Monetary policy divergence manifests itself first in currencies, because currencies aren’t an asset class at all, but a political construction that represents and symbolizes monetary policy. Then the divergence manifests itself in those asset classes, like commodities, that have no internal dynamics or cash flows and are thus only slightly removed in their construction and meaning from however they’re priced in this currency or that. From there the divergence spreads like a cancer (or like a cure for cancer, depending on your perspective) into commodity-sensitive real-world companies and national economies. Eventually – and this is the Big Point – the divergence spreads into everything, everywhere.
I think this is still the only story that matters for markets.
The good Lord giveth and the good Lord taketh away. Right now the good Lord’s name is Janet Yellen, and she’s in a giving mood. It won’t last. It never does. But it does give us time to prepare our portfolios for a return to competitive monetary policy actions, and it gives us insight into what to look for as catalysts for that taketh away part of the equation.
Most importantly, though, I hope that this exercise in truth-seeking inoculates you from the Big Narrative Lie coming soon to a status quo media megaphone near you, that this resurgence in risk assets is caused by a resurgence in fundamental real-world economic factors. I know you want to believe this is true. I do, too! It’s unpleasant personally and bad for business in 2016 to accept the reality that we are mired in a policy-controlled market, just as it was unpleasant personally and bad for business in 1854 to accept the reality that cholera is transmitted through fecal contamination of drinking water. But when you SEE John Snow’s dot map of death you can’t ignore the Broad Street water pump smack-dab in the middle of disease outcomes.

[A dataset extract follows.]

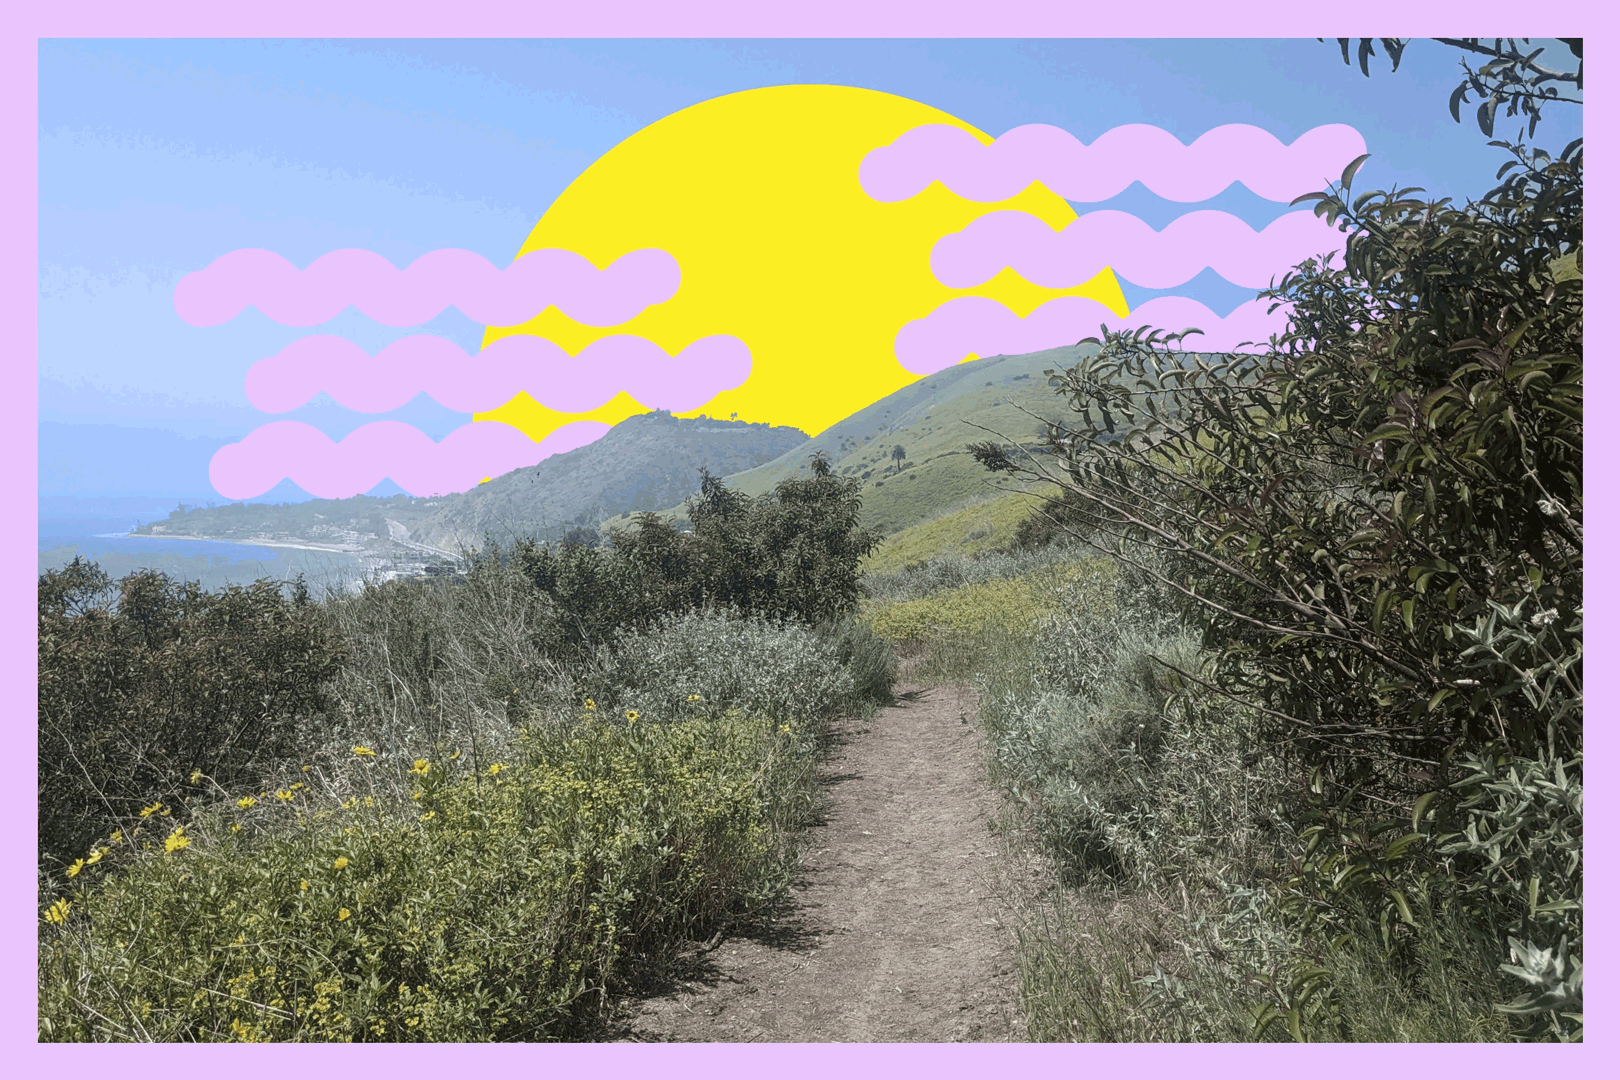 A dirt path looks out to hills and ocean in the distance. An illustrated yellow sun and two animated waves are set behind the hills.

When you SEE a Bloomberg correlation map of prices you can’t ignore the trade-weighted broad dollar index smack-dab in the middle of market outcomes. Or at least you can’t ignore it completely. It took another 20 years and a lot more cholera deaths before Snow’s ideas were widely accepted. It took the development of a new intellectual foundation: germ theory. I figure it will take another 20 years and the further development of game theory before we get widespread acceptance of the ideas I’m talking about in Epsilon Theory. That’s okay. The bees can wait.